In the past few decades, the increase of dust pollution above the transportation pavements emerged with the acceleration of industrialization, and the size of the pavement dust particulate matter (PM) is closely related to air pollution and the health of workers in workfaces.1 The particle size analysis and PM inhalation model study provide helpful methods to better figure out the health effects of PM produced in open-pit mining, and the measured PM concentration shows a strong consistency with the results of artificial neural network modeling.2,3 Based on the investigation using computational fluid dynamics–discrete element method (CFD-DEM) coupling46 and CALPUFF diffusion models,7 the diffusion distance of dust particles in the mining area exhibited a linear increasing trend versus time, while the maximum diffusion velocity decreased logarithmically with respect to the diffusion distance. The dust particles with various sizes showed a similar average escape time, while the maximum escape time and escape rate decreased with the increase of particles.8 Diego et al. reported that the total diffused dust can be obtained quantitatively by introducing a subroutine describing particle trajectory into CFX9 and can verify the timeliness of results and utilization of the natural environment in an open-pit mining area from satellite monitoring.10,11 Andrade et al. pointed out that the comprehensive environmental impact index was proposed after the field study in the impact on air quality by five open-pit mines, which is applicable to the impact of each air source nearby.12

Based on the wind tunnel experiments and field tests, the emission factor of PM10 near four typical construction sites, which is obtained from the emission factor formula13 and exposure analysis experiment methods1416 of PM10 for the soil transportation pavement, was 2–10 times higher than that of normal pavements.17 However, the dust intensity of a single vehicle can be reduced by half after sprinkling on the open-pit mine pavements.18 The dust, exhausted by vehicle transportation, depends on the speed and roadbed materials, which means that the dust concentration can be achieved to the highest at 1.7 m behind the vehicles at high speed. At the same time, PM10 is highly sensitive to pavement conditions.1921

The vehicle transportation contributes 89% of the total dust produced by equipment annually among the dust sources of equipment in the open-pit mining, making it the most polluted dust source.22 The main transportation method in open-pit mining is vehicle transportation, which is characterized by the unfixed location of operation and the large scale of activity. Based on that, the air dust management in open-pit mines focused on the dust emitted by the vehicle transportation. This paper did some theoretical analysis and field tests to study the temporal–spatial distribution laws of vehicle transportation pavement dust migration in the open-pit mine, and thus, the spatial diffusion and migration laws of dust on the pavements in the open-pit mine were obtained.

2. Experimental Section

The pavement dust particles will be lifted off the ground because of vehicle disturbances.
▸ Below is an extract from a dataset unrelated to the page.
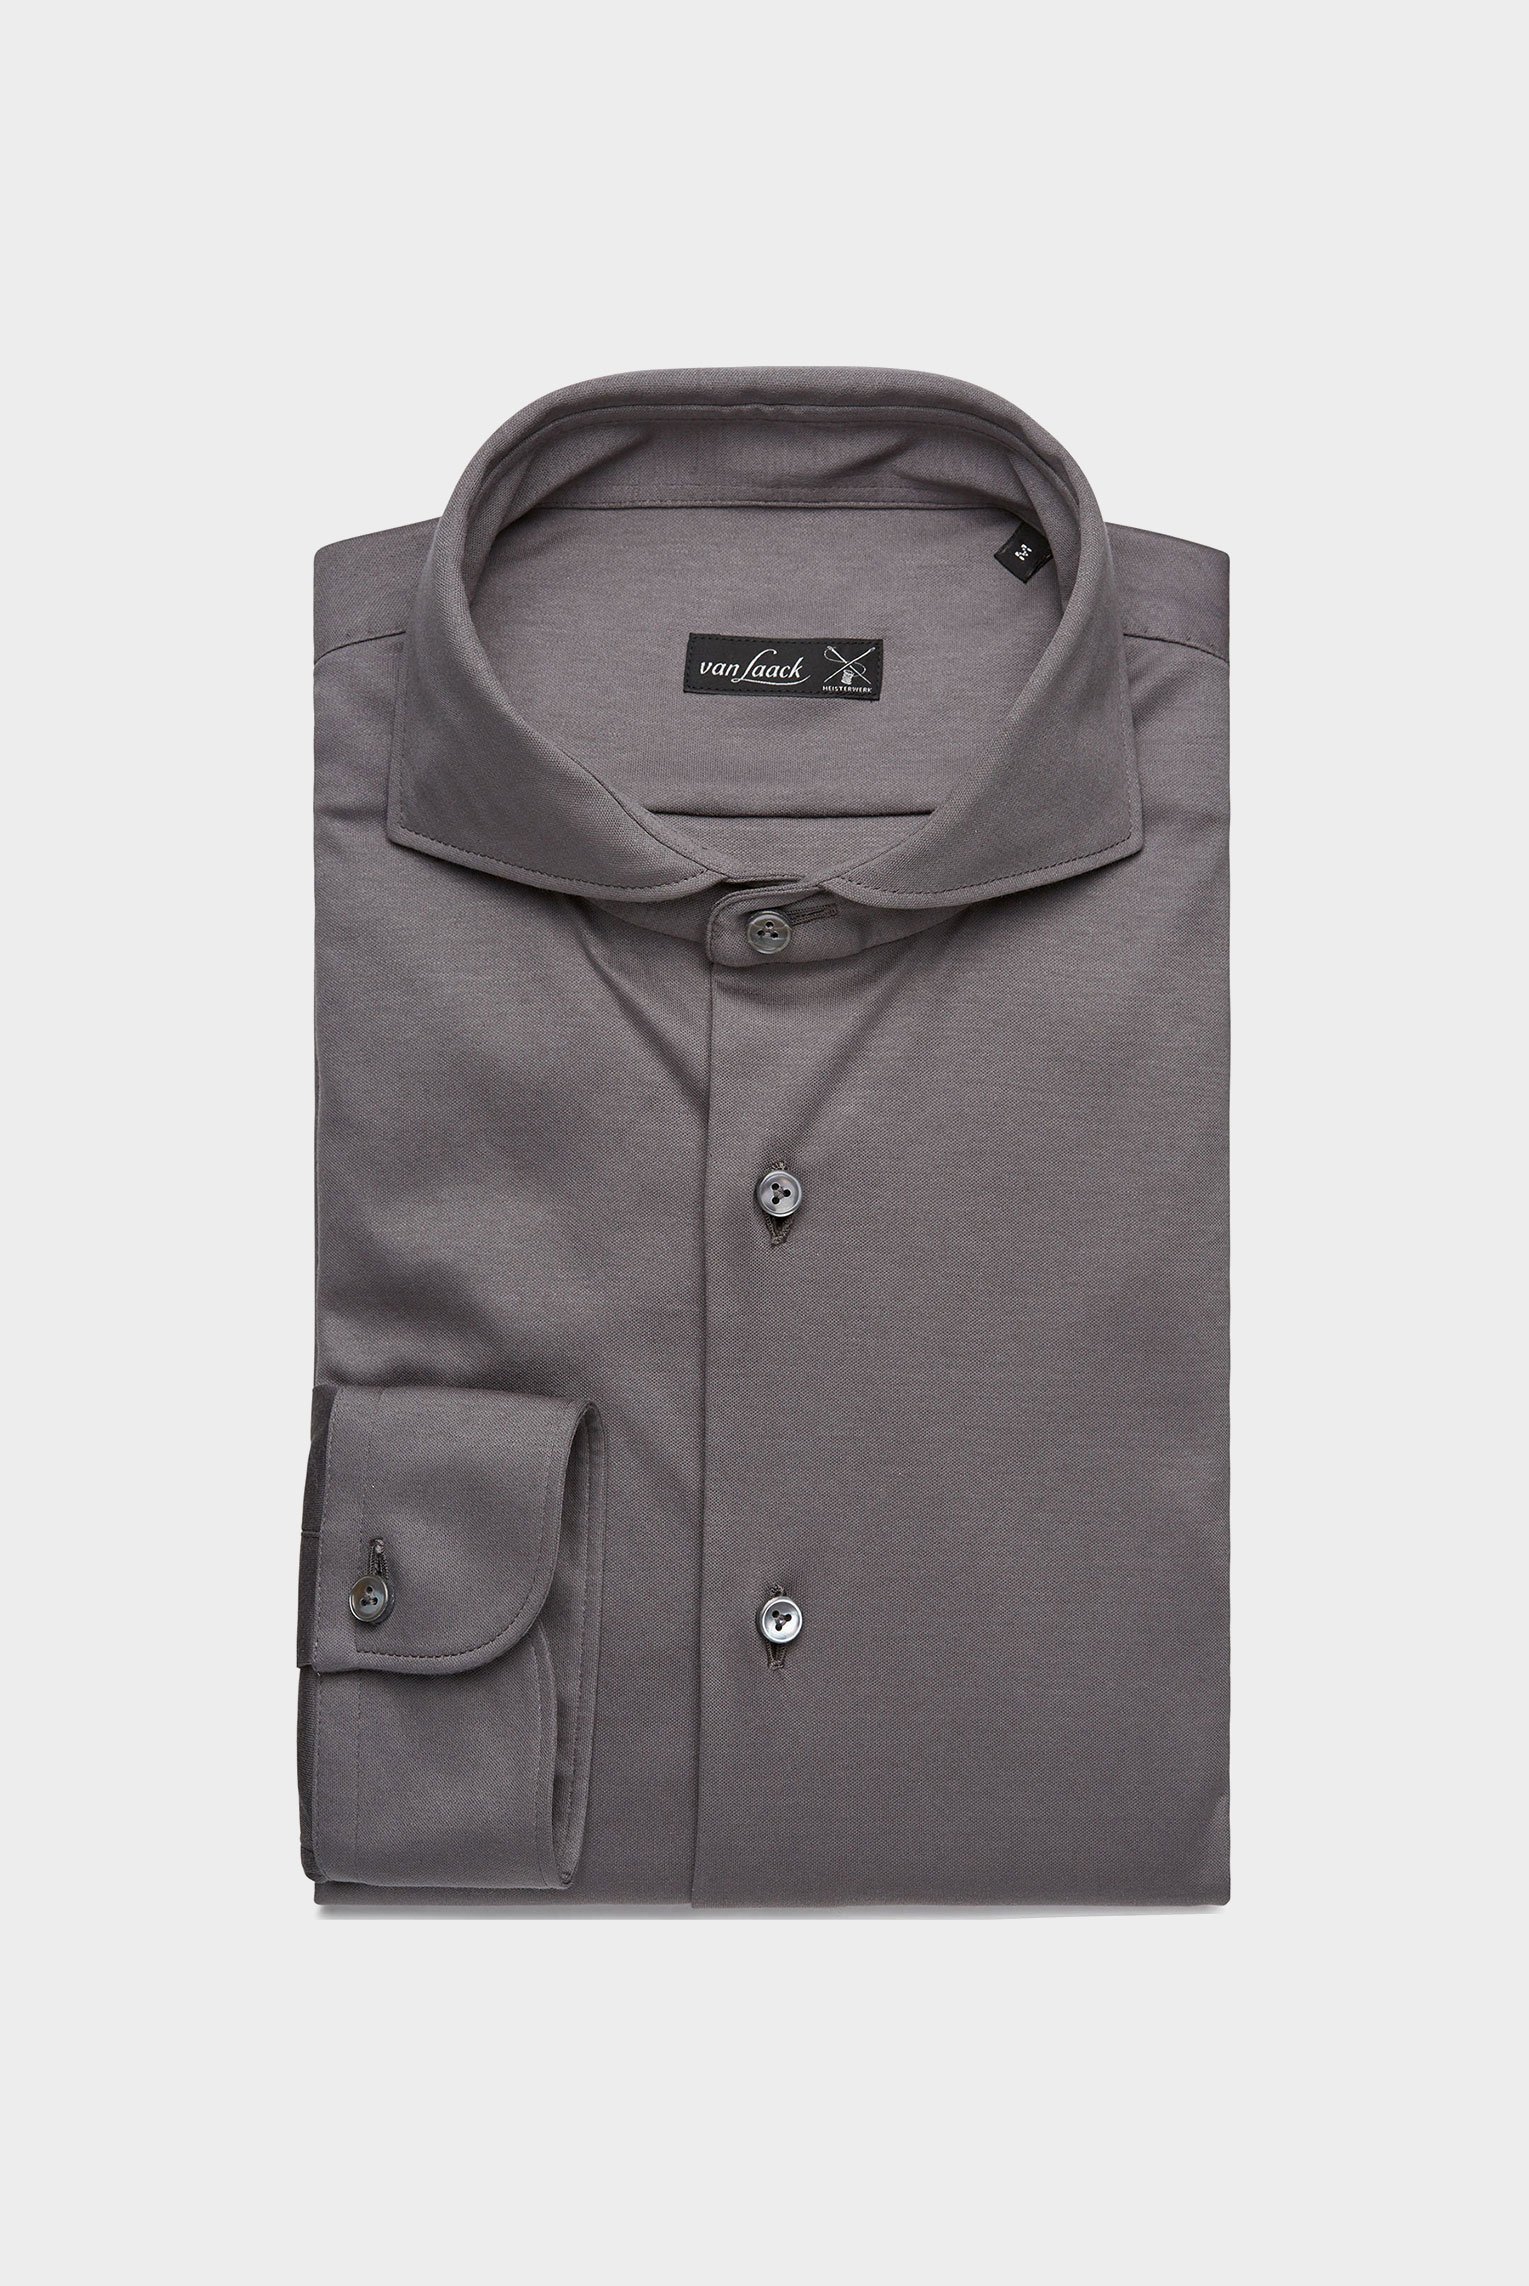 Casual Shirts+Jersey Shirt Swiss Cotton Tailor Fit+20.1683.UC.180031.070.X4L

If the disturbance-induced complex turbulence is not considered and the influence of ambient wind speed is ignored, then the dust flying speed can be divided into the three directions: the horizontal (X in Figure 1), perpendicular (with respect to the horizontal direction; Y in Figure 1), and vertical direction (Z in Figure 1). The two partial velocities in the horizontal and perpendicular direction is caused by the disturbance of the air stream, while the velocity in the vertical direction is induced by the rising and falling of particles due to the turbulence, gravity, and air resistance. The trajectory of motion is shown in Figure 1.

Figure 1.

Figure 1

Dust movement trajectory diagram.

2.1. Selection of Test Sites

Four sections of the highway were selected as the measurement site, according to the topographic data of the mining area (Figure 2 and Table 1).

Figure 2.

Figure 2

Distribution of measuring pavement.

Table 1. Conditions of Measuring Pavement.
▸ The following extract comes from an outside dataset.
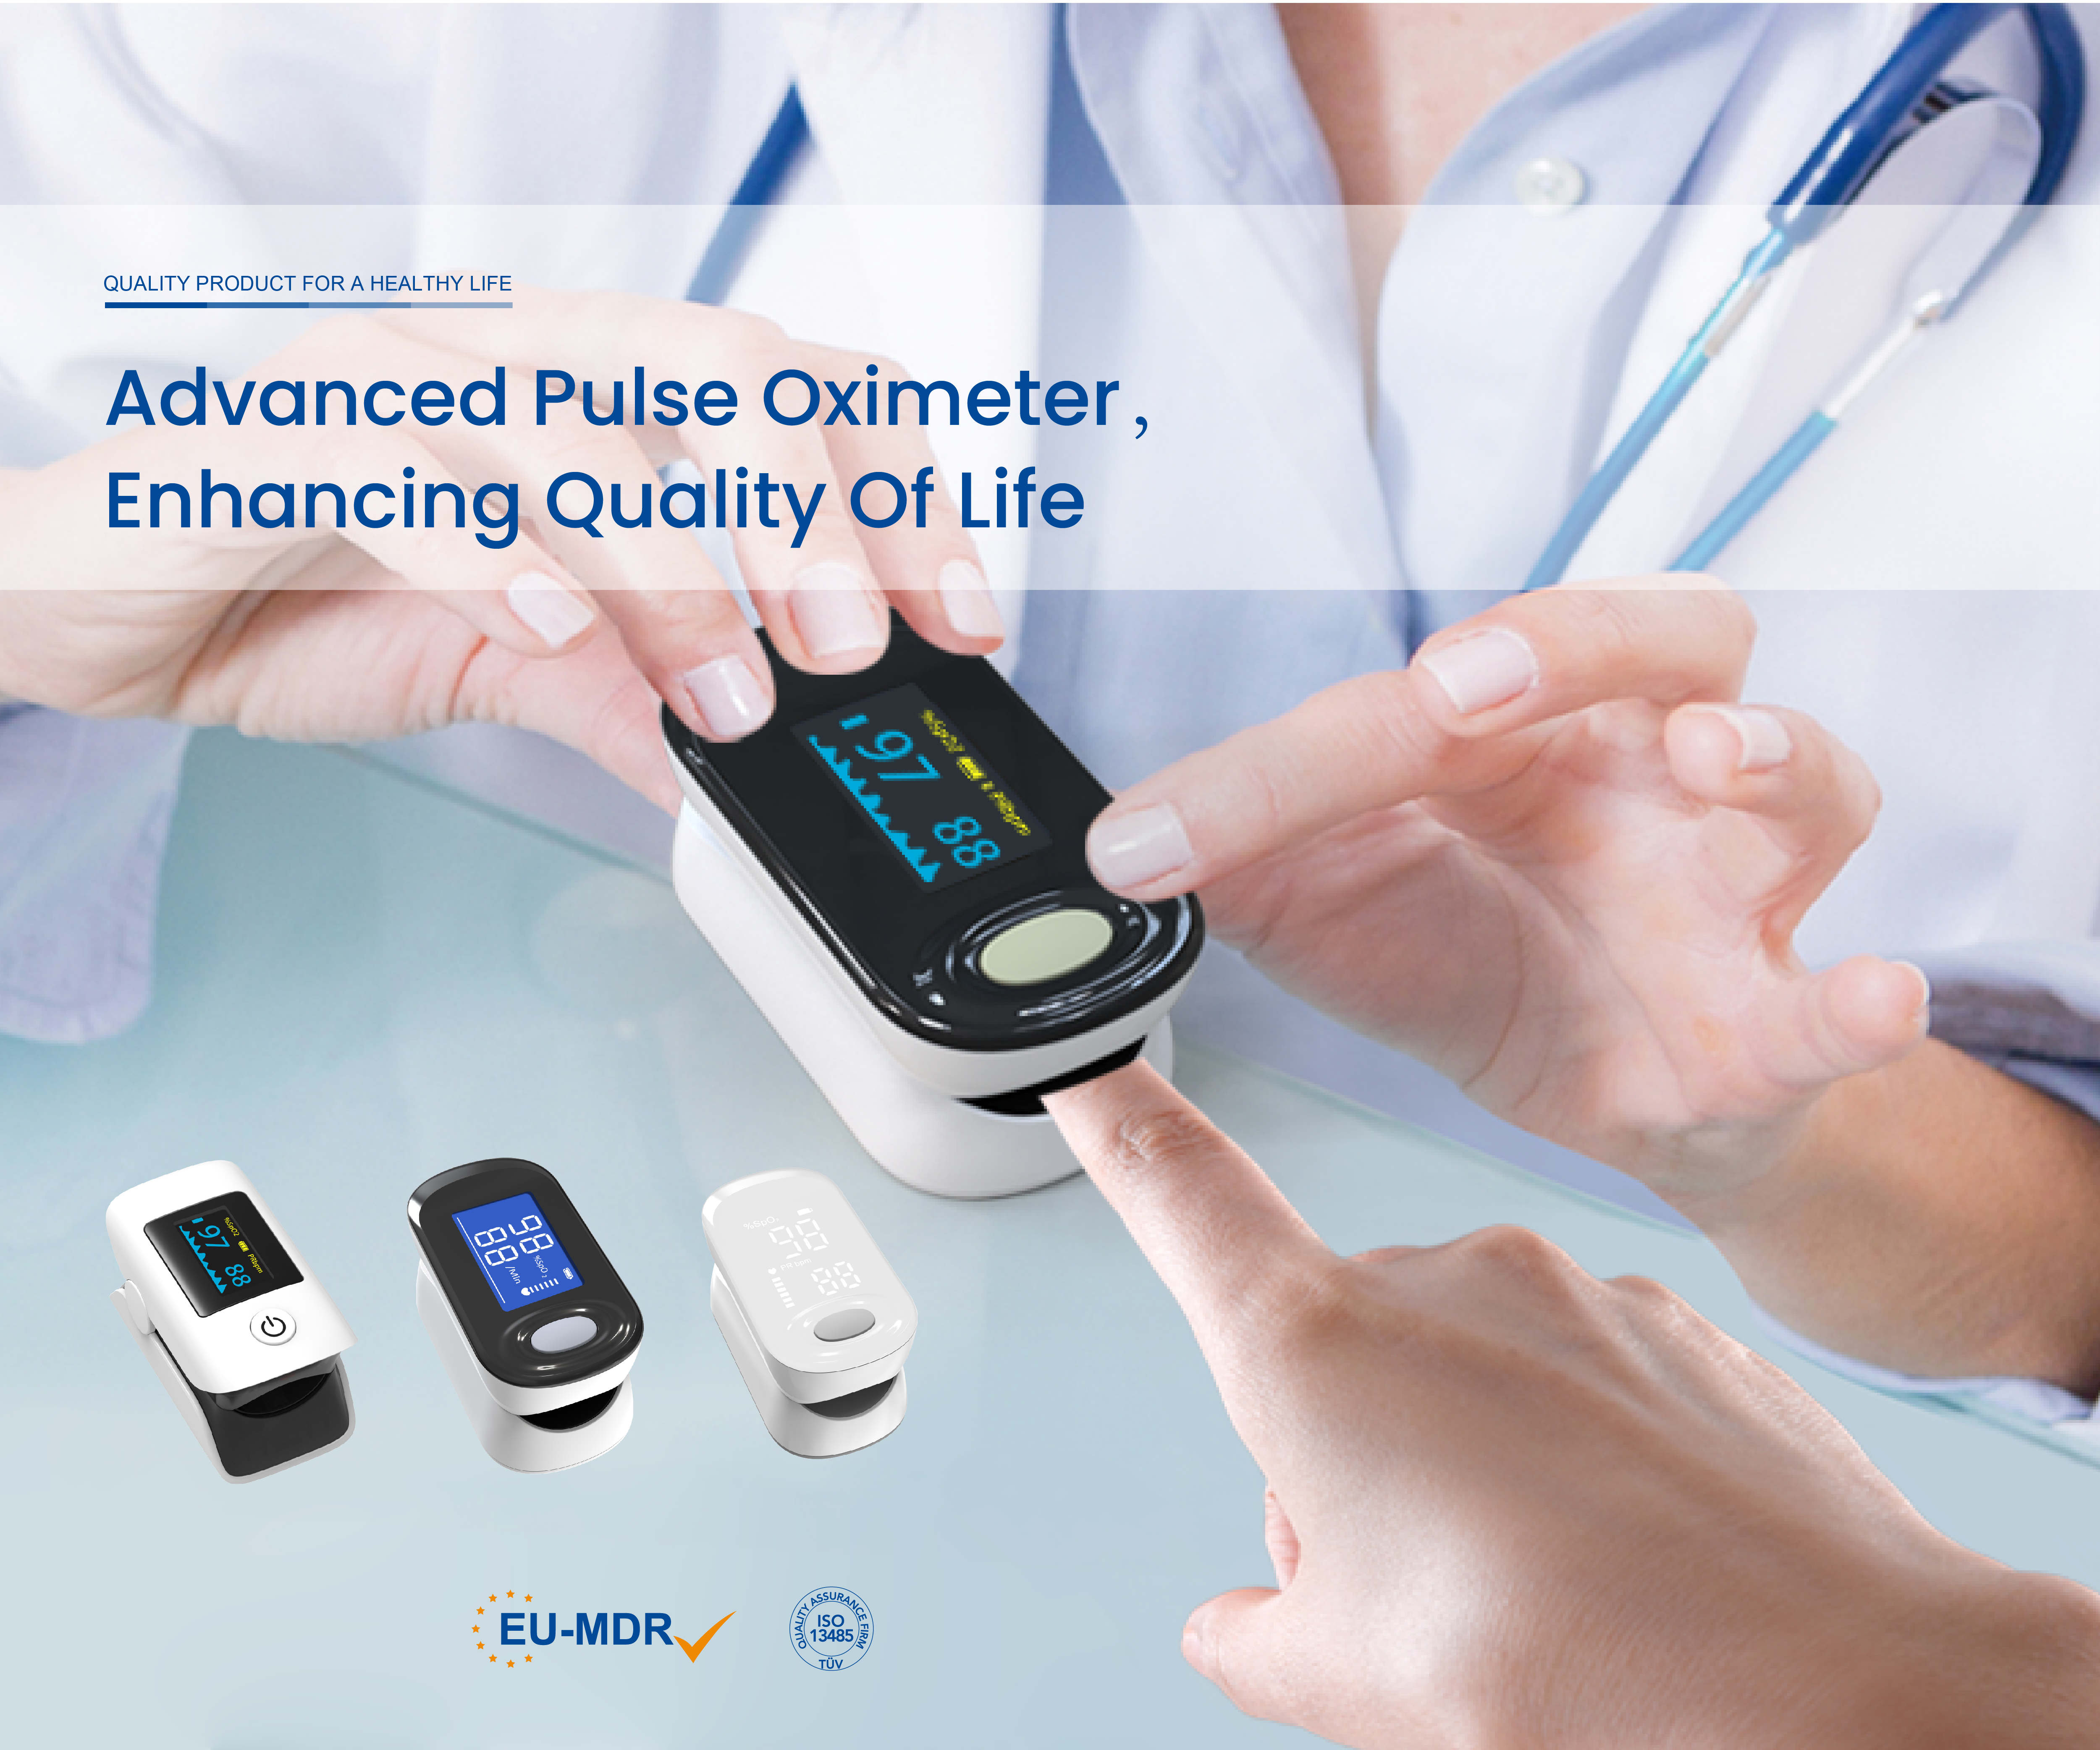 Congratulations to Joytech Healthcare on Achieving CE MDR Certification for Fingertip Pulse Oximeters!

highway section category position in the mine measurement properties
highway section 1 southwest the dust concentration at different distances from the same level to the dust source
highway section 2 east the dust concentration at different heights from the same horizontal plane to the ground
highway section 3 west the dust concentration with time from the same dust source
highway section 4 south the influence of different factors on dust diffusion

2.2. Test Equipment

At present, the dust concentration, expressed as mass concentration, is mainly measured by the filter paper weight and photoelectric direct reading method. The former method has a low cost, but it needs to weigh the filter paper, which is inconvenient to measure. In addition, the measurement error of dust concentration with low concentration in a short time is large. Therefore, it is used to measure the concentration distribution of the pavement dust. As for the latter, which is not only fast, accurate, and sensitive but also can directly display the mass concentration, can be used to measure the influence of different factors on dust concentration.
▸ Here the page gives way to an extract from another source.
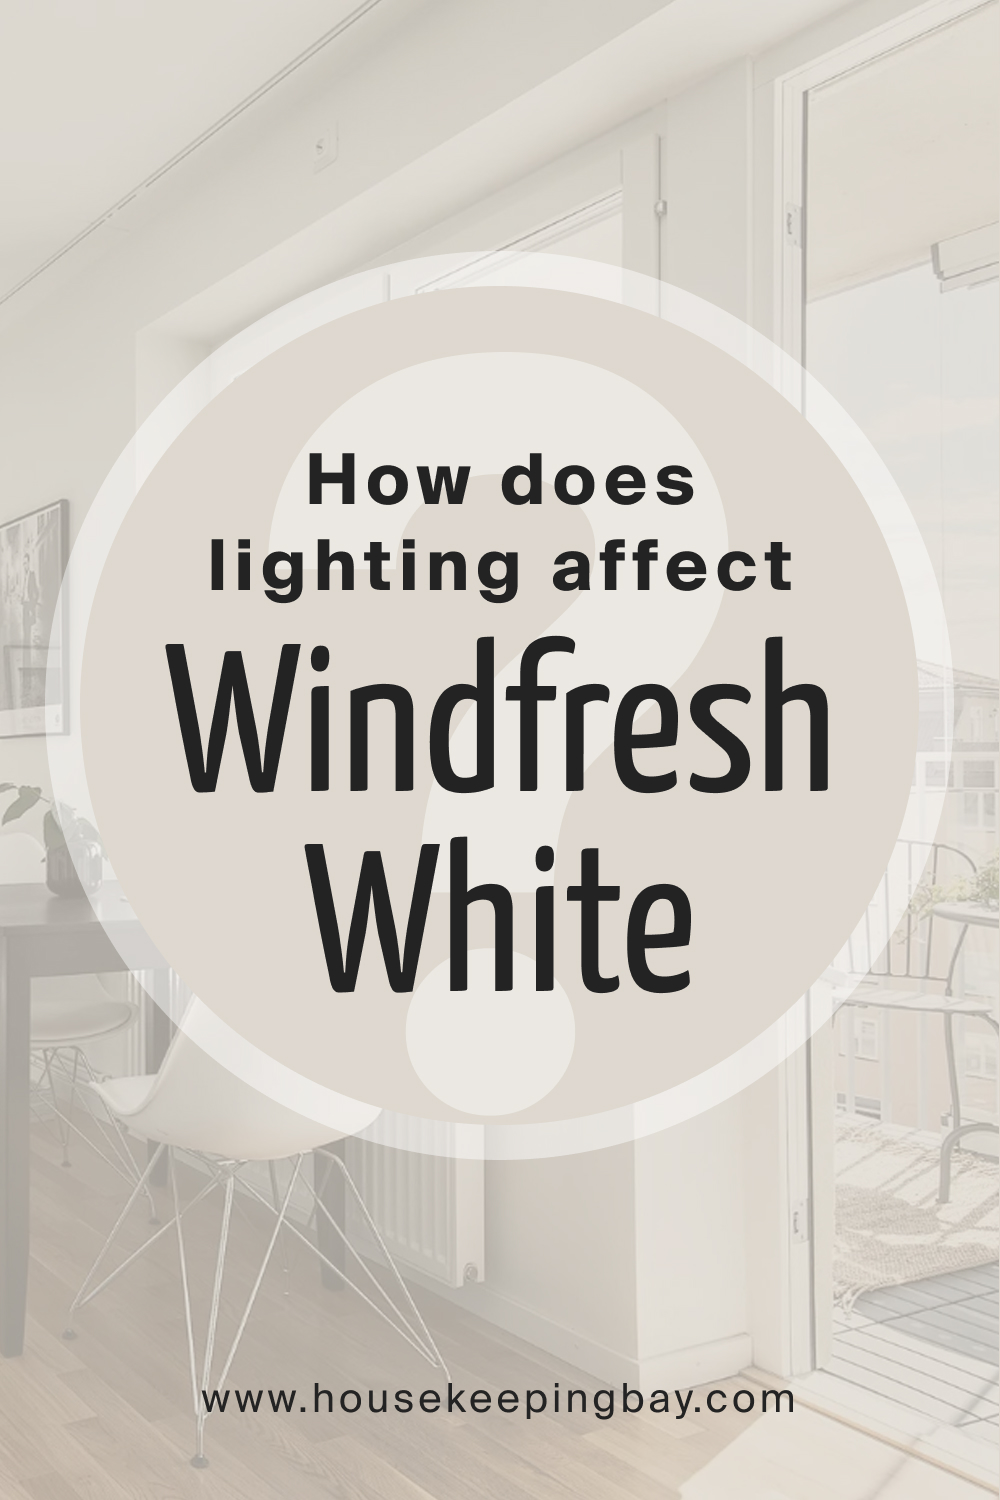 How does lighting affect SW Windfresh White

The two instruments above were placed at the same place at the tested site, and the mass concentration conversion coefficient K of the pavement dust was measured to be 0.4213 by multigroup measurement calculation; thus, the mass concentration of dust can be obtained. For the pavement dust, the dust concentration can be calculated by the following formula

2.2. 1

where C is the dust concentration in mg·m–3 and R is the value measured by the digital dust sampler in CPM.

2.3. Measurement of Spatial Distribution of Dust Concentration

The spatial distribution test of pavement dust concentration mainly measured the dust concentration distribution at different heights and the downwind distance from the dust source. The section with less influence of wind was selected as the measurement site.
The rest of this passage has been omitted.